- DATA EXTRACTS
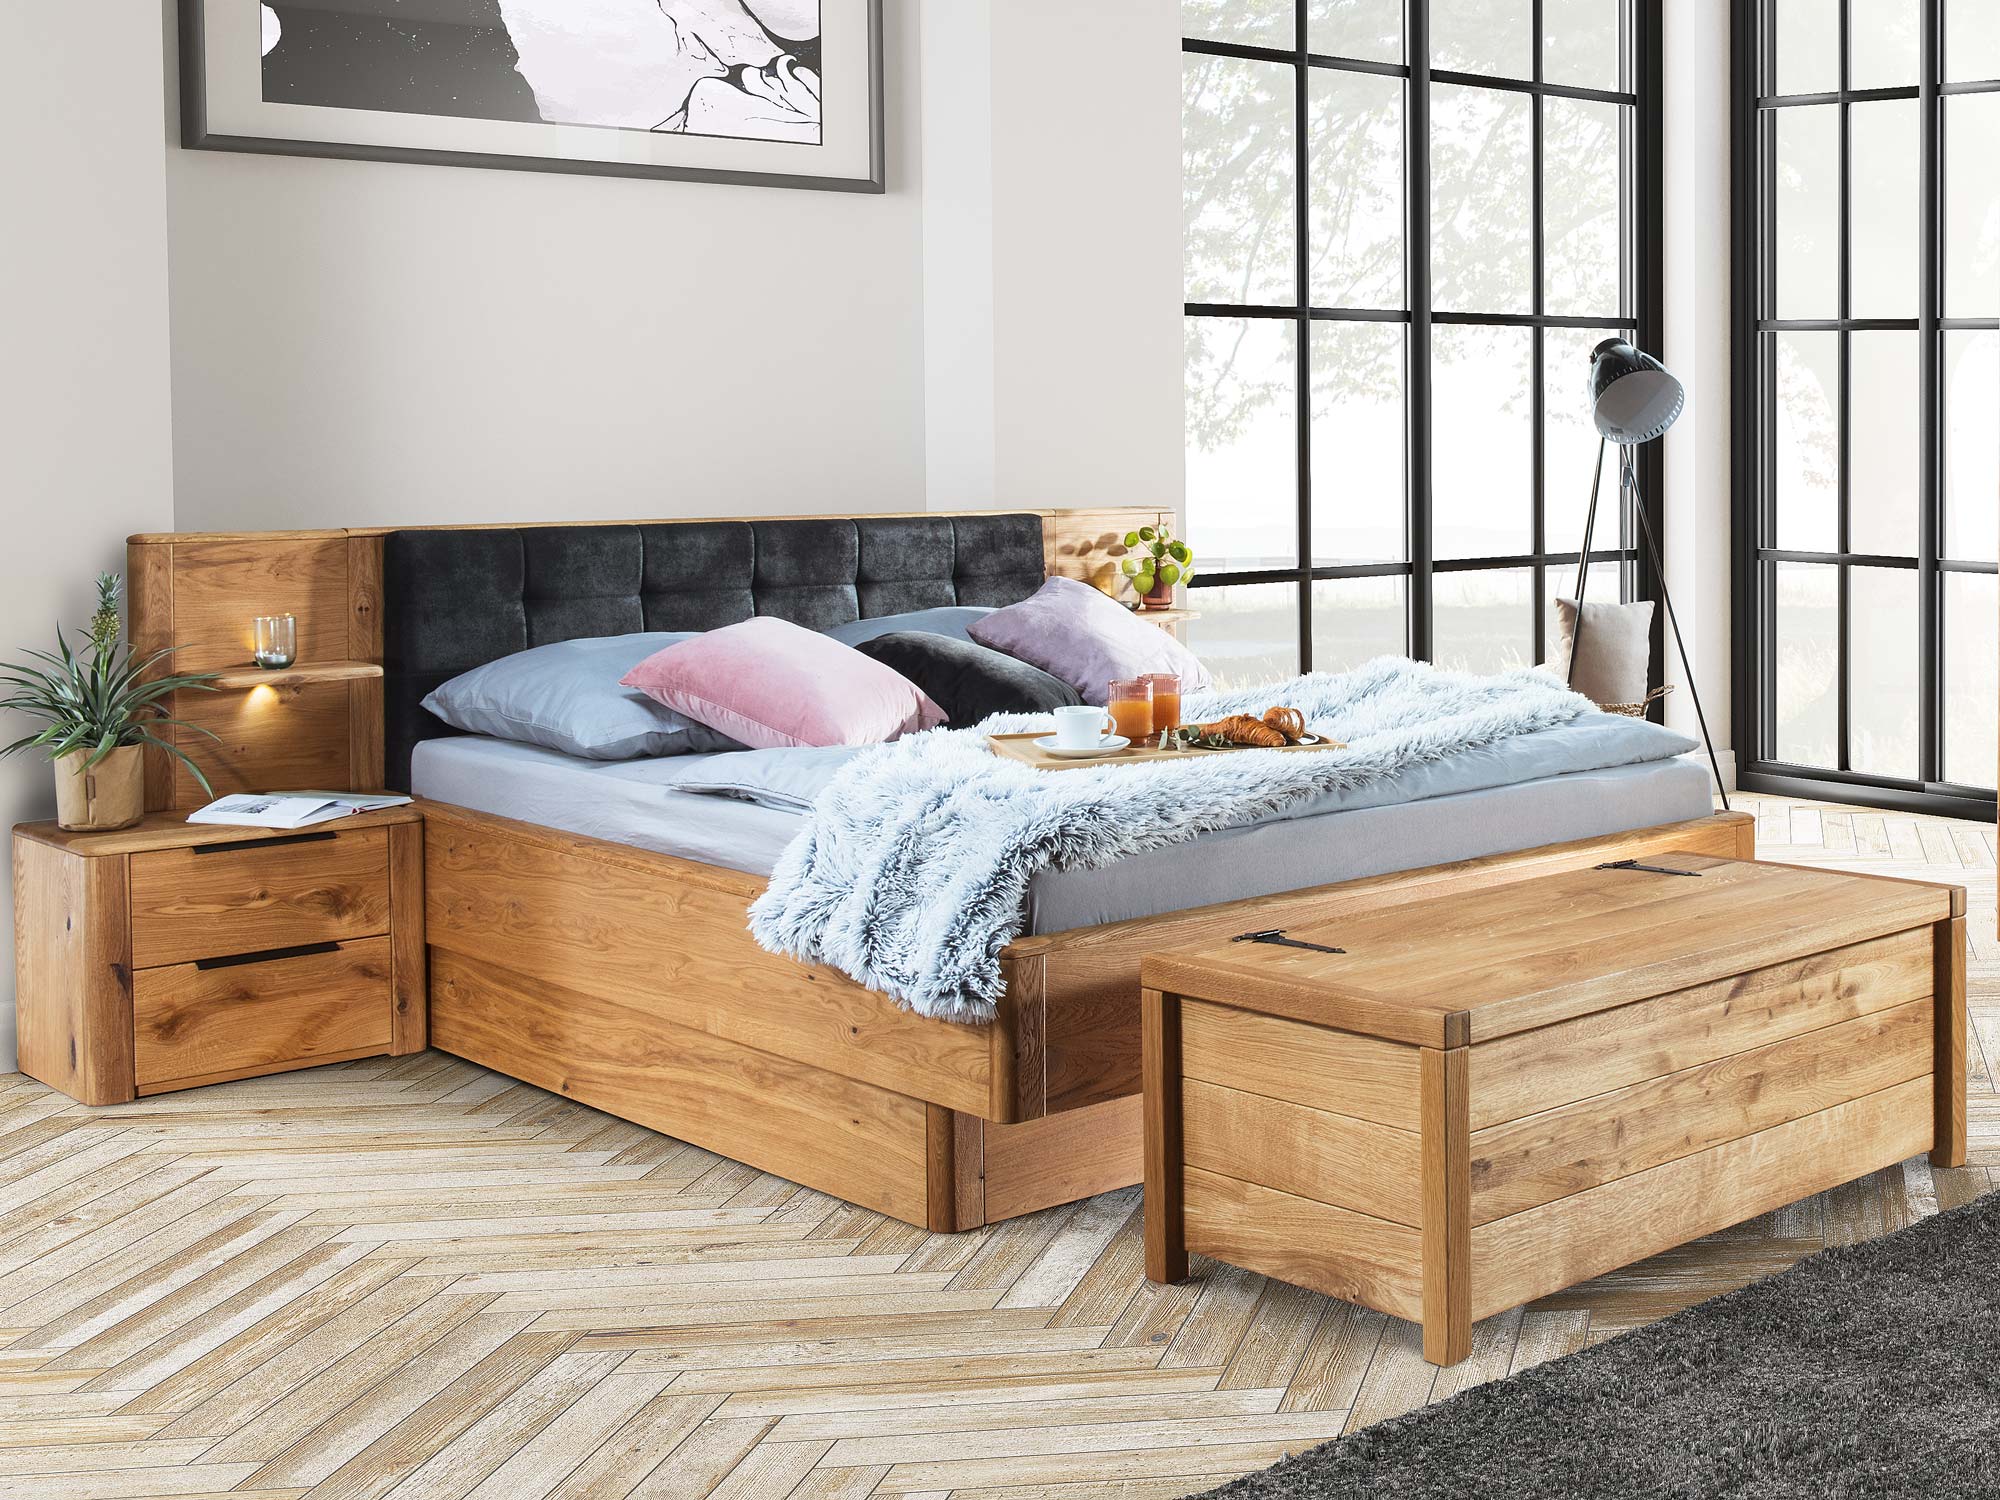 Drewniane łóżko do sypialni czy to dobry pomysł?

---

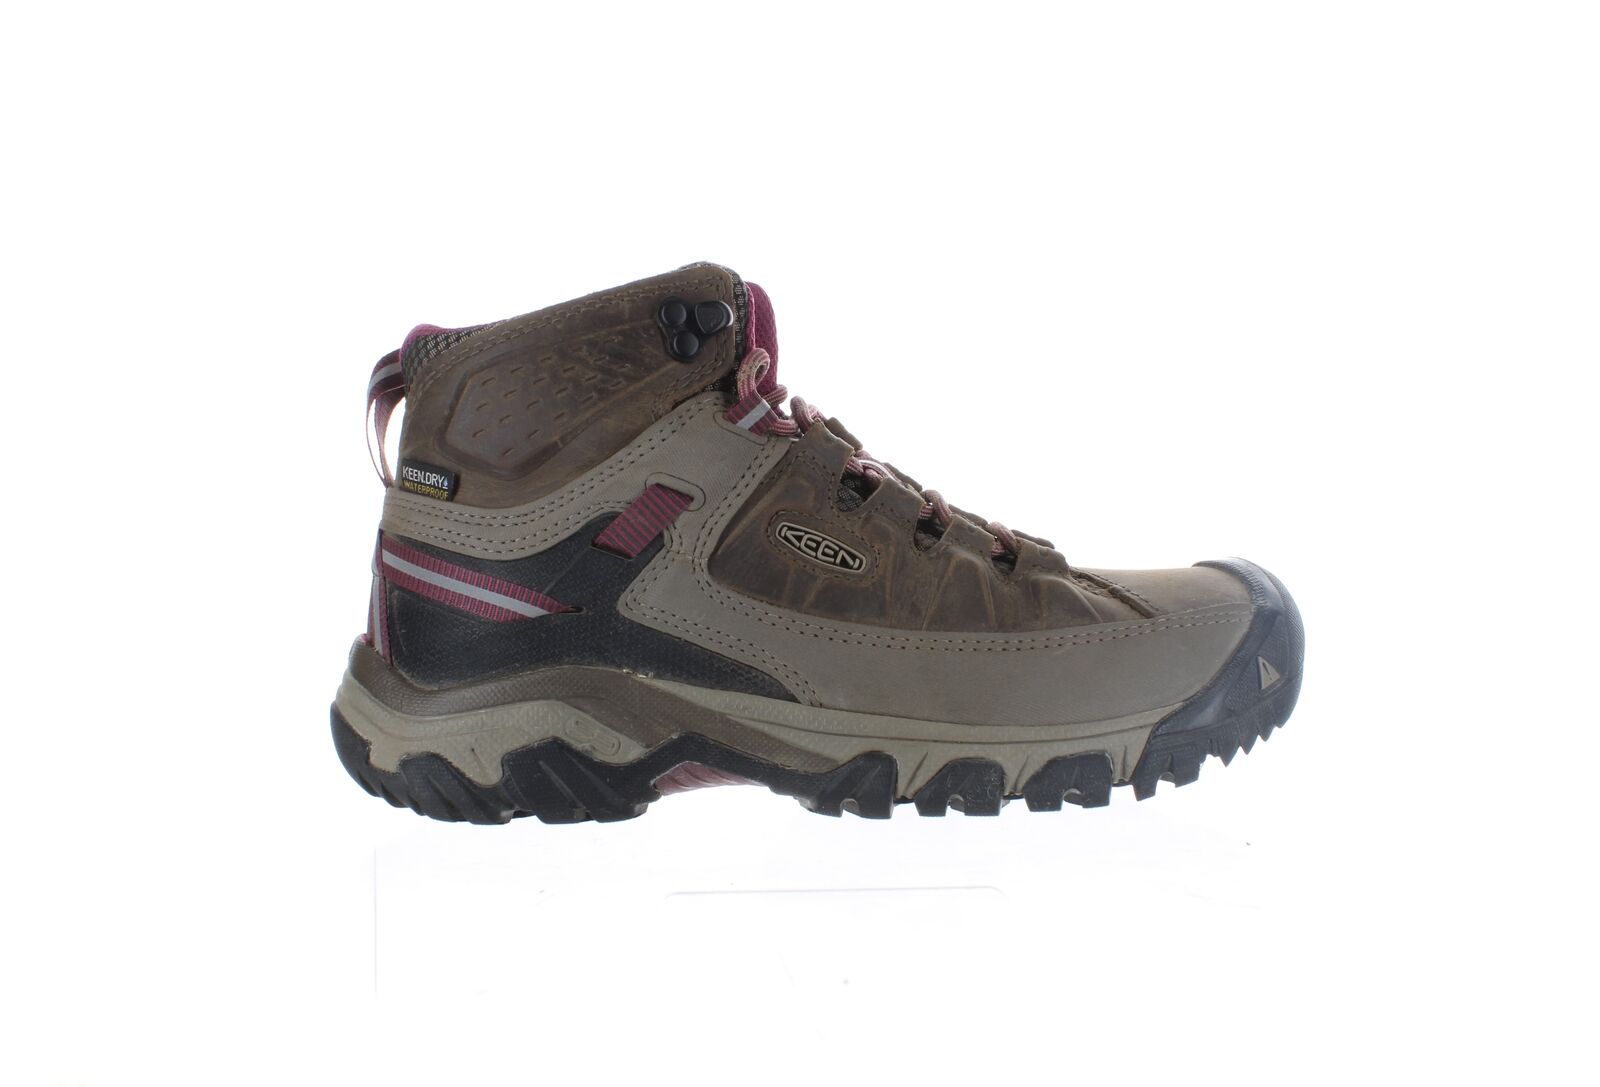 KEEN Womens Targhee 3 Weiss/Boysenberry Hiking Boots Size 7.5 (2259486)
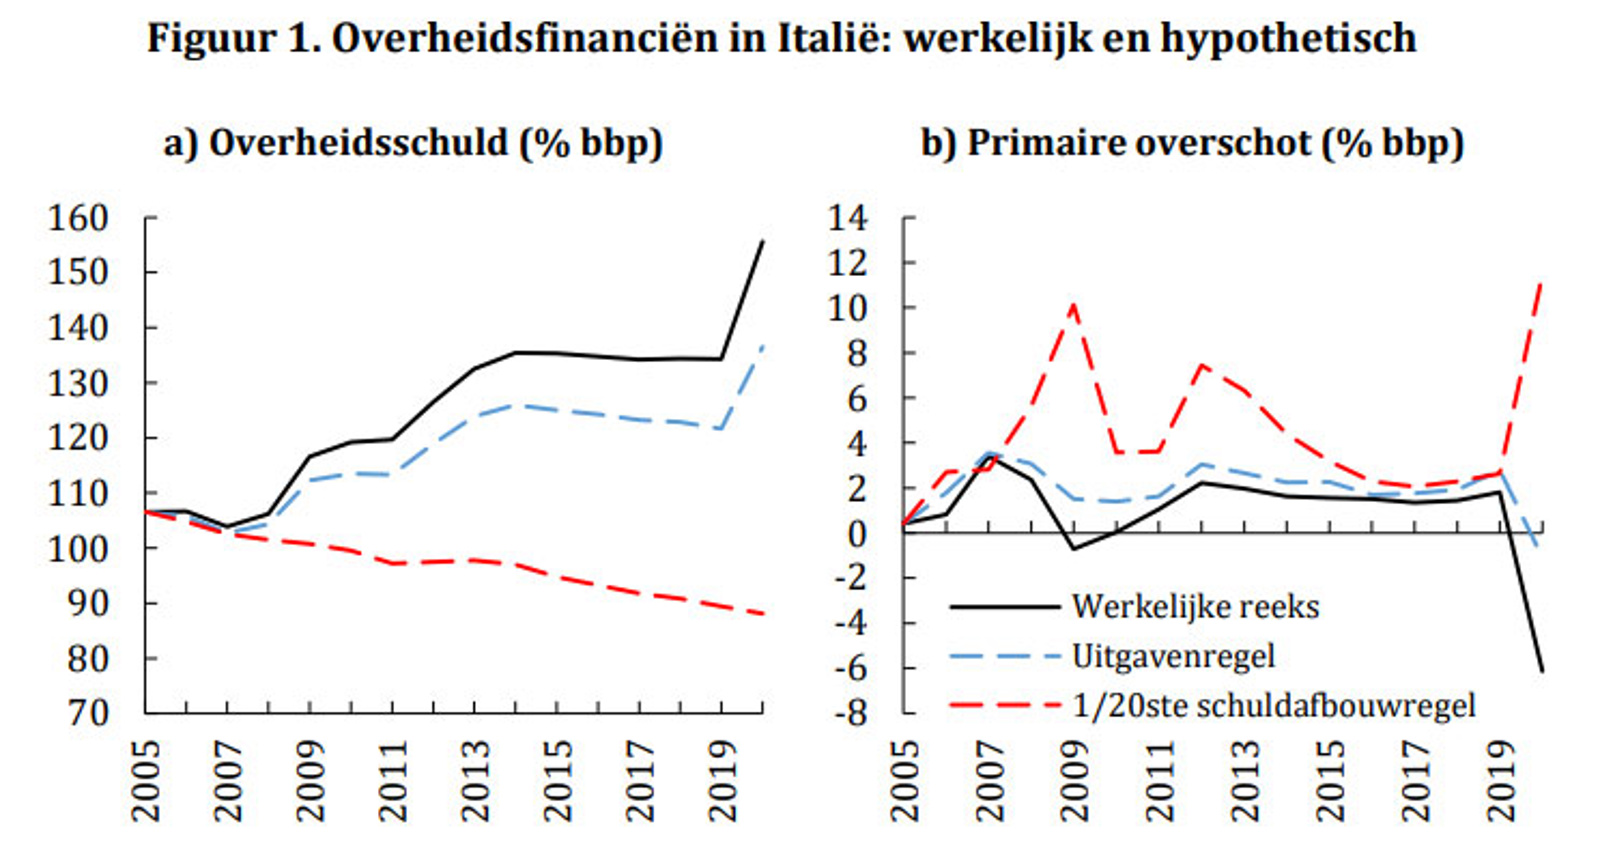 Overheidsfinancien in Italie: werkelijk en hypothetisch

---

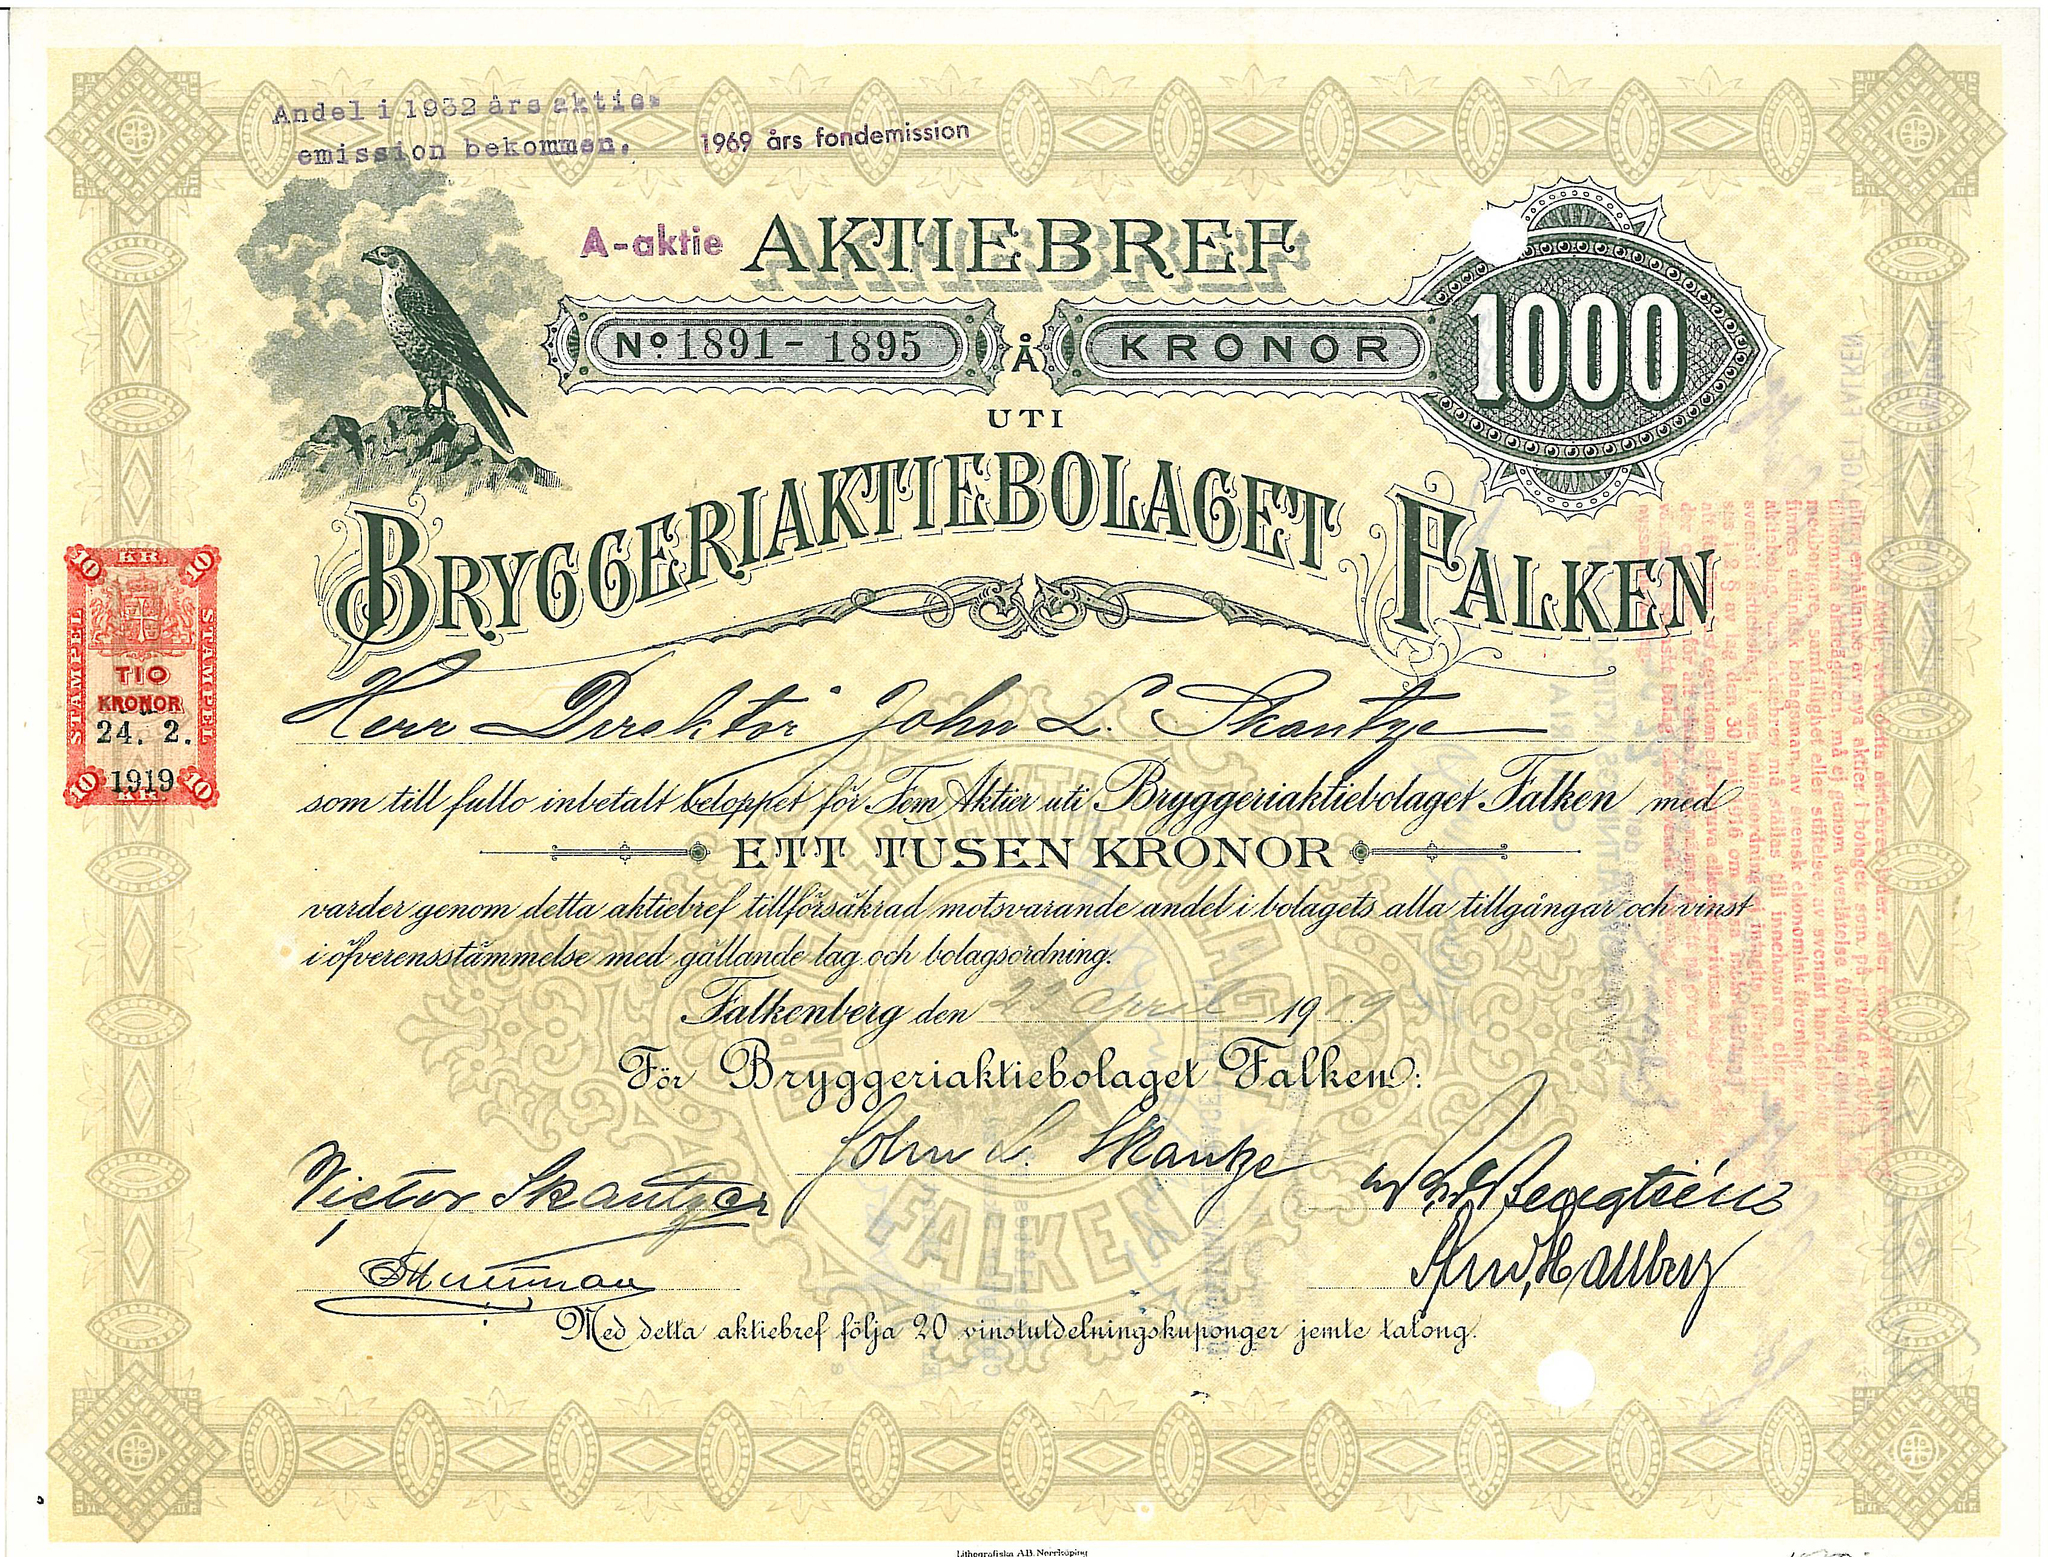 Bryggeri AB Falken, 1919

- ASSIGNMENT
With pictures omitted, repeat the entries above word for word from the line holding "KEEN Womens Targhee" down to the line holding "Overheidsfinancien in Italie: werkelijk", keeping both of those lines.

- EXERCISE RESPONSE
 KEEN Womens Targhee 3 Weiss/Boysenberry Hiking Boots Size 7.5 (2259486)
 Overheidsfinancien in Italie: werkelijk en hypothetisch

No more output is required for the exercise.